Mucosal responses against TBEV are not relevant as TBEV is transmitted by tick bites. Immune responses to TicoVac will act as a model for other vaccines in which the mucosal antibody response in the vagina is of relevance to block infection (e.g. HIV, HPV, HSV) and in which targeted immunisation may increase efficacy.

Although strictly speaking the induction of anti-TBEV antibodies in cervico-vaginal secretions is of no relevance to the efficacy of the TicoVac vaccine against a blood-injected virus, the investigators have designated them as parameters of efficacy in this model of targeted immunisation.

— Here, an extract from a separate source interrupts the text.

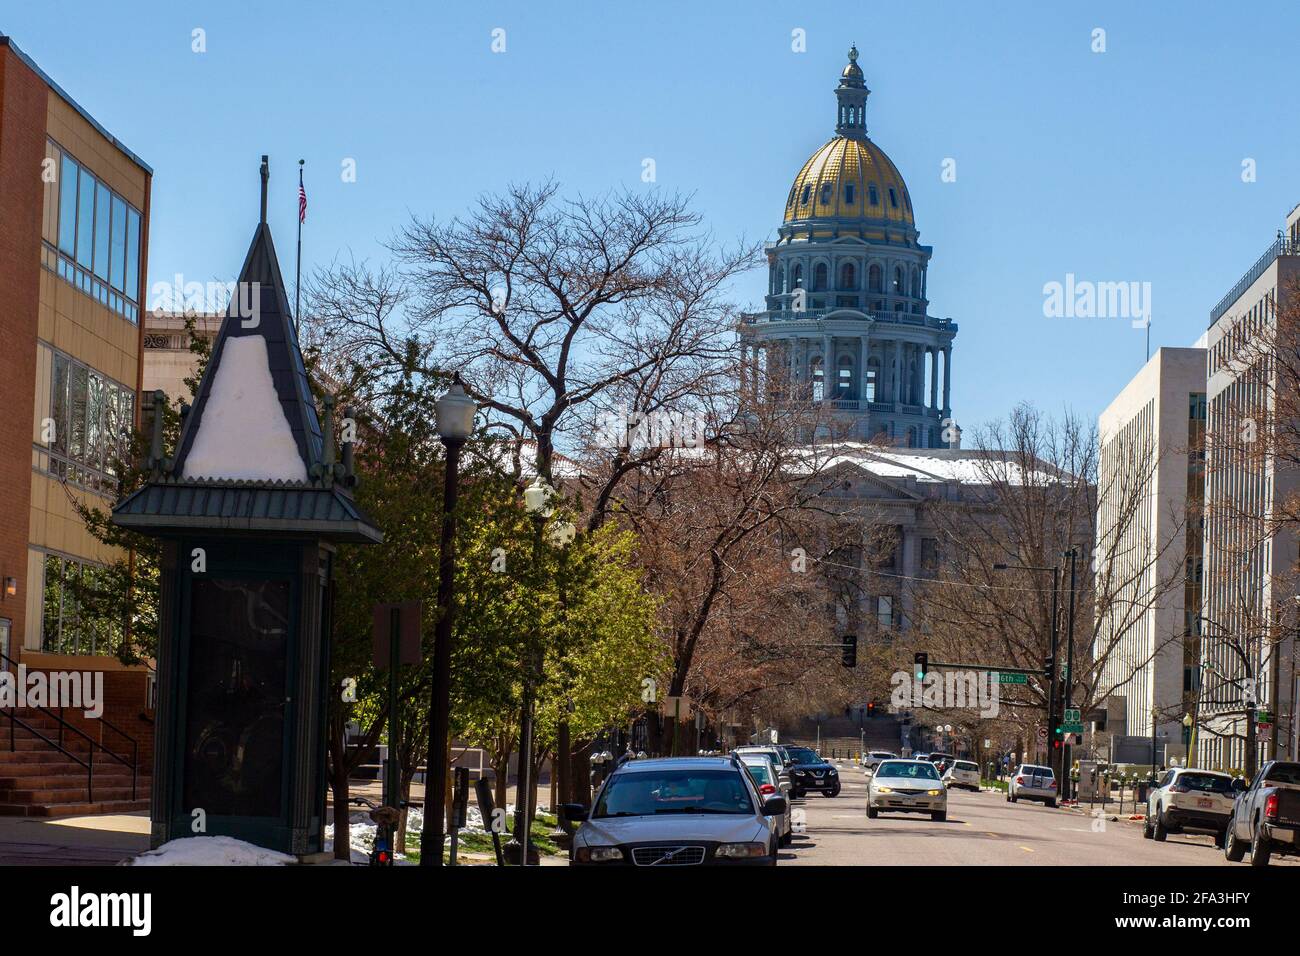 Colorado State Capitol Building, located at 200 East Colfax Avenue in Denver, Colorado, United States. Stock Photo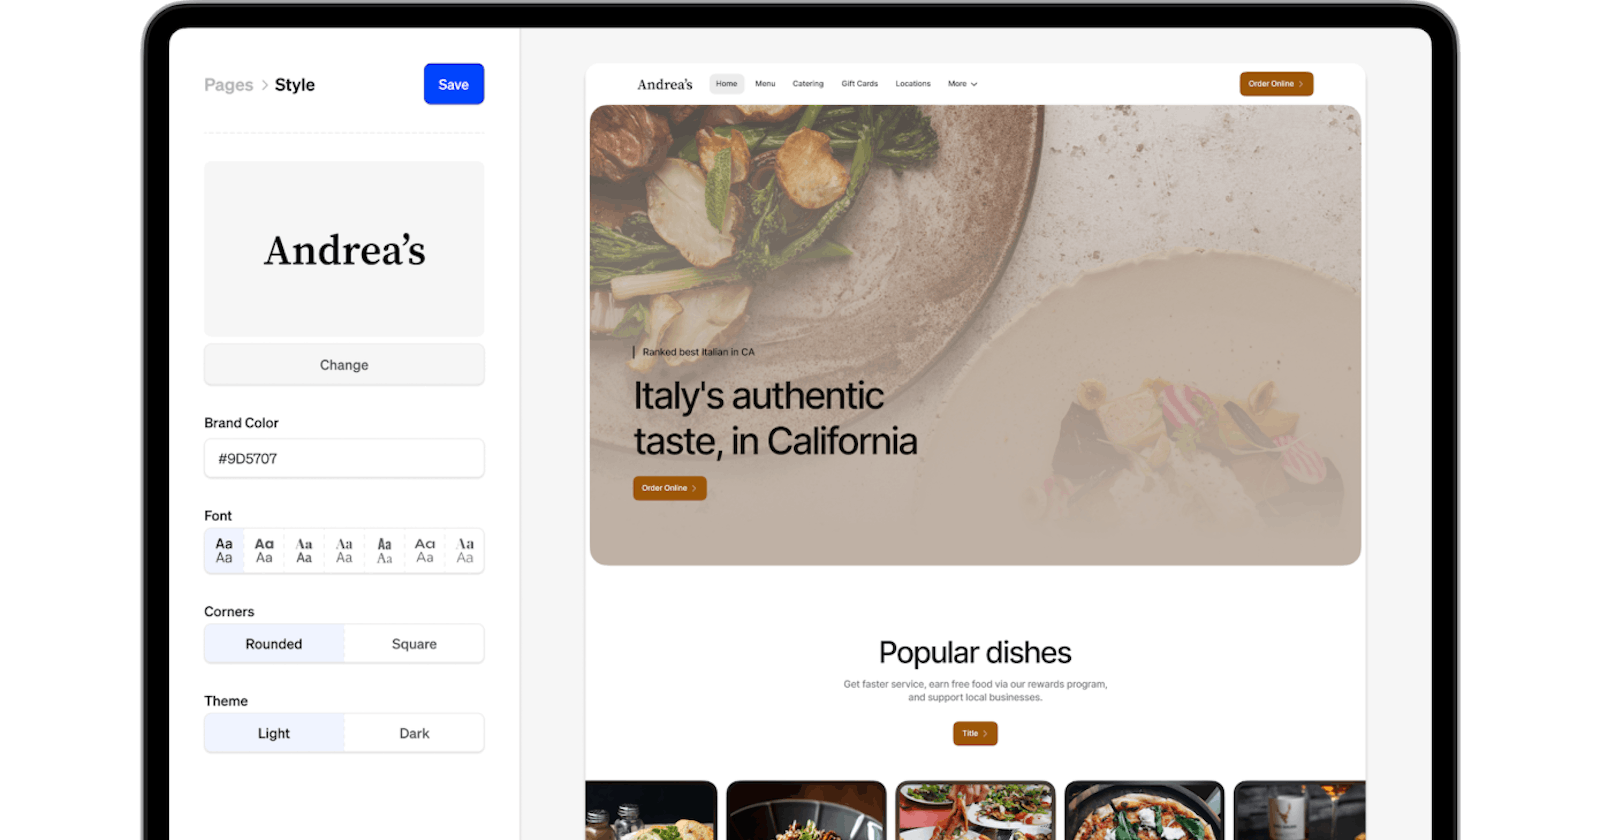 Owner.com raises $33M Series B for its platform that helps independent restaurants with online ordering and website building.

The purpose of this human immune physiology study is to use TBEV vaccine as a model neoantigen to investigate immune readouts after antigen targeting. The collection of adverse event or safety data is therefore not relevant to the study objectives and there will be no systematic collection of safety data, other than those required for a Risk Assessed "Type A" CTIMP (SUSAR reporting to MHRA/REC/Concerned Investigators, Annual List of Suspected Serious Adverse Reactions as part of the Annual Safety Report/Development Safety Update Report).

Conditions

Tick-Borne Encephalitis

Study Design

• Allocation Method: RANDOMIZED
• Intervention Model: PARALLEL
• Primary Study Purpose: TREATMENT
• Blinding Strategy: NONE

Study Groups

TicoVac immunisation - right deltoid muscle

IM immunisation right deltoid muscle

Group Type: EXPERIMENTAL

TicoVac

Intervention Type: DRUG

Intramuscular immunisation to right deltoid muscle (Group 1) or right upper anterolateral thigh muscle (Group 2).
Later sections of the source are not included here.